-- Assigned task --
Reproduce exactly, and only, the lines below from the one containing "patrono di Barrafranca" through the one containing "dolce and gabbana sunglasses 2020".

-- Data shown --
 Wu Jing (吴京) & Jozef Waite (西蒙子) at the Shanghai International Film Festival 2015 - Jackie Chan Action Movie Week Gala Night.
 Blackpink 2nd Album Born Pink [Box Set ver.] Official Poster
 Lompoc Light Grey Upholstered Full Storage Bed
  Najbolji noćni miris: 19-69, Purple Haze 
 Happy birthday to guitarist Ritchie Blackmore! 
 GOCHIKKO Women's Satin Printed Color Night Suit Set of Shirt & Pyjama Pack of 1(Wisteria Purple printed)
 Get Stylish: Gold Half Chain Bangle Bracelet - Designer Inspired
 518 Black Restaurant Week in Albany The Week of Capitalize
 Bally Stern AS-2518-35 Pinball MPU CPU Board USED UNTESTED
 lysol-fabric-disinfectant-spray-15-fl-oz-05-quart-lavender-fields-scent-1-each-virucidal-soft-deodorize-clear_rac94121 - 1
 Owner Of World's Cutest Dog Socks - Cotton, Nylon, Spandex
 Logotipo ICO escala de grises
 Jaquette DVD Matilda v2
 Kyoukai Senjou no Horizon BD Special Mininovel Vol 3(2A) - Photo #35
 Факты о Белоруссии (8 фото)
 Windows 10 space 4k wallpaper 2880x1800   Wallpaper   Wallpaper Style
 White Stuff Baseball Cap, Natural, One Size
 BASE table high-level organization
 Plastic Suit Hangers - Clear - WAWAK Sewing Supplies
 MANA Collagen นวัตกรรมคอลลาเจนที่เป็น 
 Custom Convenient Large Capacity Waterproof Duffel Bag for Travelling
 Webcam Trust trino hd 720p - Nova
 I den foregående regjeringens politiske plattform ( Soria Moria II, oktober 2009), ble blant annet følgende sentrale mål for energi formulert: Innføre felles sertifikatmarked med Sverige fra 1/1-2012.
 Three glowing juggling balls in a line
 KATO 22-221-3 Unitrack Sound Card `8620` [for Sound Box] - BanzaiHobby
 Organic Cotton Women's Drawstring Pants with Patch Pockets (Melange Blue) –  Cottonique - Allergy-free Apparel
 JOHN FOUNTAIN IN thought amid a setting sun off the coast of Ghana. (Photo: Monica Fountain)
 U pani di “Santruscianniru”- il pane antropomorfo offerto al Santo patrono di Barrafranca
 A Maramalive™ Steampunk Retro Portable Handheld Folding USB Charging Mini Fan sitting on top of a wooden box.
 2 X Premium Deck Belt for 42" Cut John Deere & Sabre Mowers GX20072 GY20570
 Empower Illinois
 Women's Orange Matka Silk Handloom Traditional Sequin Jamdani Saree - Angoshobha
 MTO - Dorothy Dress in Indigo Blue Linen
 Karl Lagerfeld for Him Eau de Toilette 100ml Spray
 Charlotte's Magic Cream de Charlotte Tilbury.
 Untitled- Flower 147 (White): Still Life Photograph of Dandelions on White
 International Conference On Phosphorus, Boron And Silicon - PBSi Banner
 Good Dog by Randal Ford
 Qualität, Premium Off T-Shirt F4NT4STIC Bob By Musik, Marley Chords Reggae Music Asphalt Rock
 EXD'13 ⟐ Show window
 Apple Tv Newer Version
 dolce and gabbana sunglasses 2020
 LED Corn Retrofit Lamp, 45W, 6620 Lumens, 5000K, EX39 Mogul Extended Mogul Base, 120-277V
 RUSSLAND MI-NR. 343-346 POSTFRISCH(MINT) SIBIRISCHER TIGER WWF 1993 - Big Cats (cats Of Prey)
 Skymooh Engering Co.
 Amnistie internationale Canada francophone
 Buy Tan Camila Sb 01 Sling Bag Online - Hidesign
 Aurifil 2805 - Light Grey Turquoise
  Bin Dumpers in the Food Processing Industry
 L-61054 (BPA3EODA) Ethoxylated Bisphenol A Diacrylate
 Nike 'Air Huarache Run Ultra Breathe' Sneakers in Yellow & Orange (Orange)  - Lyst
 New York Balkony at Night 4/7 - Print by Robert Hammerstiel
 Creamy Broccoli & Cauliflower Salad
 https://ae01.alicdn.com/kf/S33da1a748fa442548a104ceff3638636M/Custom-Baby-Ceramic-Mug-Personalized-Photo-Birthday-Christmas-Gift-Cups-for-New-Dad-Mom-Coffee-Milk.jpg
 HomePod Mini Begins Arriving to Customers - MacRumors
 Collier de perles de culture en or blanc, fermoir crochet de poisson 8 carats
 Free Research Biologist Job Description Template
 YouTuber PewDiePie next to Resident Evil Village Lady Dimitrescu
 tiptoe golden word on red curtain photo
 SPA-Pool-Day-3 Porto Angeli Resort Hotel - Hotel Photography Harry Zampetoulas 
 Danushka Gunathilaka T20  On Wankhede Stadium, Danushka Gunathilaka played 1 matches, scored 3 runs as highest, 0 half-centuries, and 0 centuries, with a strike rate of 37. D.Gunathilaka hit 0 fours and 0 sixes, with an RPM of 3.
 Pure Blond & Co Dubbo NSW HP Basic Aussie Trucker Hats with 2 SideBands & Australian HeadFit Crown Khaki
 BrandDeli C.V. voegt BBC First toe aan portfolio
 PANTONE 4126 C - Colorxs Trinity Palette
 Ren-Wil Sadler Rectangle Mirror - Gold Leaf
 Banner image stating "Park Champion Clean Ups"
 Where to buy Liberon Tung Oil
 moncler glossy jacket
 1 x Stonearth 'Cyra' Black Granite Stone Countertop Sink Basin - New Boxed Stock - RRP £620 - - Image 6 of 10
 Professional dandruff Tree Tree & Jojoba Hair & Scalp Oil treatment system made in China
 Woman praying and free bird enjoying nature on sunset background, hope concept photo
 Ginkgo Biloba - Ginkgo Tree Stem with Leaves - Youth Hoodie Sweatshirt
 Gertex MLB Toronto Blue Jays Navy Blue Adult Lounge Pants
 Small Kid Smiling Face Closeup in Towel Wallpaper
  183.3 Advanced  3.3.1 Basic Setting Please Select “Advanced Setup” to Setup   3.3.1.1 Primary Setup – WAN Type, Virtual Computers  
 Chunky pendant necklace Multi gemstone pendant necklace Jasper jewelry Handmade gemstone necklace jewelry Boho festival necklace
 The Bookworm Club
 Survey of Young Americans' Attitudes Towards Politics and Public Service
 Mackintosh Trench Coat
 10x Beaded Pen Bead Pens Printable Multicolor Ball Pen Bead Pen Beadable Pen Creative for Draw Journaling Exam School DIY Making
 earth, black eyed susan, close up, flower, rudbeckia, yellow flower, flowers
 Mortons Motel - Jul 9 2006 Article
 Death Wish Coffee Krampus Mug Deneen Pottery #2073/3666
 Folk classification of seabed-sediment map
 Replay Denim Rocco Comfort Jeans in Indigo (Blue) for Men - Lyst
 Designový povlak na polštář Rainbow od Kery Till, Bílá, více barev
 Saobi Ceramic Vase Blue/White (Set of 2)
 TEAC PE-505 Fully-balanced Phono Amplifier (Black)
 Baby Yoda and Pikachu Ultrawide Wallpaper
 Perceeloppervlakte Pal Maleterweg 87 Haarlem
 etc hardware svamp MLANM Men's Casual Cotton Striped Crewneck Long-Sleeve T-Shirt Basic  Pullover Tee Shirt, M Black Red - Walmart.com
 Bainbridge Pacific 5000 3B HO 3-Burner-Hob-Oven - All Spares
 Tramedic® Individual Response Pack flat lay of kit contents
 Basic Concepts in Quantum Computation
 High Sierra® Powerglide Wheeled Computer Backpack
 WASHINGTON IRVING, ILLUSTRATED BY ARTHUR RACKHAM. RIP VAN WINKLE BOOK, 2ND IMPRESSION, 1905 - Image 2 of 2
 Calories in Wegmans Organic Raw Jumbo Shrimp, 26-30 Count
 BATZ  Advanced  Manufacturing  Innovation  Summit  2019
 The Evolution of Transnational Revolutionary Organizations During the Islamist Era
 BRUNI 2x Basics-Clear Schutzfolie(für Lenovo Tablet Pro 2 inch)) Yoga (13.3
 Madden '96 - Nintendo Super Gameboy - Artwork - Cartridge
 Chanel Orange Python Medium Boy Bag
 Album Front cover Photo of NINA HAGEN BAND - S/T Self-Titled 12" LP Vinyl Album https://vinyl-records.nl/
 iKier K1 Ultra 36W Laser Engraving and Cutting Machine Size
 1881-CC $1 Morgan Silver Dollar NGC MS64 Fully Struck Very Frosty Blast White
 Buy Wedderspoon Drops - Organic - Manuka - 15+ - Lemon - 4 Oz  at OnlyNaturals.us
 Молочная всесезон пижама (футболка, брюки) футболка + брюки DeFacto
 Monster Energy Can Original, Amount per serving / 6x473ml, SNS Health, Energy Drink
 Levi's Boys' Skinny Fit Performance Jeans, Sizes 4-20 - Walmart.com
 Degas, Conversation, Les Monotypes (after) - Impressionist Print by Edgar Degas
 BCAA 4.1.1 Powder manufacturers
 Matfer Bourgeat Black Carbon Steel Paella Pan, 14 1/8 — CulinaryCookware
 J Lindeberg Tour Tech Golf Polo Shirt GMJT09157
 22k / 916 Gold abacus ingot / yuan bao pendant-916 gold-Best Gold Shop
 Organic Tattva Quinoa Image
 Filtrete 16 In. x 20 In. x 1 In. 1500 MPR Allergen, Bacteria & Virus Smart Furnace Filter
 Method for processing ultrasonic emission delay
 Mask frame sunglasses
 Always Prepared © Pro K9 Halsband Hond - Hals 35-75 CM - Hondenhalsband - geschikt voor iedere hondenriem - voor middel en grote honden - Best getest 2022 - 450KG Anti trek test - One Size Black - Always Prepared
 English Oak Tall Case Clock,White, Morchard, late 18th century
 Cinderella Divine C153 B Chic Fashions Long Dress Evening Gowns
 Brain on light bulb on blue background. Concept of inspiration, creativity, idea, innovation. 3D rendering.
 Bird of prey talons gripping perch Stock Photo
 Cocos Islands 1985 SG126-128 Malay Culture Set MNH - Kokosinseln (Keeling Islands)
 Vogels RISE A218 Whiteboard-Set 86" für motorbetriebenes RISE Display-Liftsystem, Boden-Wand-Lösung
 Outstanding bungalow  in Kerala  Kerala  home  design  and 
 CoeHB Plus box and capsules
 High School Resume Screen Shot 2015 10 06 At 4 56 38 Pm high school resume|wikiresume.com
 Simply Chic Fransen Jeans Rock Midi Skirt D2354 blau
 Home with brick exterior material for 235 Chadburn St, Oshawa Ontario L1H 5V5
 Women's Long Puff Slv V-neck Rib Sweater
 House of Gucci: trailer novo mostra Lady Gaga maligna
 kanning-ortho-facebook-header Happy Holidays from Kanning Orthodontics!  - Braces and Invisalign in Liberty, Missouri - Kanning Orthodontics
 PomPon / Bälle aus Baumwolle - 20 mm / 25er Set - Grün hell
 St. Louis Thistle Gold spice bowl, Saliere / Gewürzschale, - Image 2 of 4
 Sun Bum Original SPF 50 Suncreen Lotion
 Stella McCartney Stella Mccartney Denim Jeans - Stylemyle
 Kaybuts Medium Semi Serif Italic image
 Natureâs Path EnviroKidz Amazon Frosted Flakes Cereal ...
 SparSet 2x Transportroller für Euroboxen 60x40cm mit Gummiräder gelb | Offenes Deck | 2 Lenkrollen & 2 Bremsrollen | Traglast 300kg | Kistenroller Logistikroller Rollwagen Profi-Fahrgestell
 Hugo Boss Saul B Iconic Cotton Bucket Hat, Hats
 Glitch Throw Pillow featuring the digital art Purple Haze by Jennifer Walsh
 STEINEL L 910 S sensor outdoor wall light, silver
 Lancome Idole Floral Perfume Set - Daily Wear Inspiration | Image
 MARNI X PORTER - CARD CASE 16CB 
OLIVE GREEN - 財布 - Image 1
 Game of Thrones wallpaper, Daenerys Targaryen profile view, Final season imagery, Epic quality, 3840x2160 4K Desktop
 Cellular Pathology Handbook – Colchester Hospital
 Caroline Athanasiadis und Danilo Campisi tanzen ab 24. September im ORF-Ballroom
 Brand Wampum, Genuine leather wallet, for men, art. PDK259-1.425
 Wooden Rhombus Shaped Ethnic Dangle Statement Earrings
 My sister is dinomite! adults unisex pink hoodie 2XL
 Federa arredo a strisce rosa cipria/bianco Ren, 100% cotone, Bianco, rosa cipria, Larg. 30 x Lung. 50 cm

-- Task solution --
 U pani di “Santruscianniru”- il pane antropomorfo offerto al Santo patrono di Barrafranca
 A Maramalive™ Steampunk Retro Portable Handheld Folding USB Charging Mini Fan sitting on top of a wooden box.
 2 X Premium Deck Belt for 42" Cut John Deere & Sabre Mowers GX20072 GY20570
 Empower Illinois
 Women's Orange Matka Silk Handloom Traditional Sequin Jamdani Saree - Angoshobha
 MTO - Dorothy Dress in Indigo Blue Linen
 Karl Lagerfeld for Him Eau de Toilette 100ml Spray
 Charlotte's Magic Cream de Charlotte Tilbury.
 Untitled- Flower 147 (White): Still Life Photograph of Dandelions on White
 International Conference On Phosphorus, Boron And Silicon - PBSi Banner
 Good Dog by Randal Ford
 Qualität, Premium Off T-Shirt F4NT4STIC Bob By Musik, Marley Chords Reggae Music Asphalt Rock
 EXD'13 ⟐ Show window
 Apple Tv Newer Version
 dolce and gabbana sunglasses 2020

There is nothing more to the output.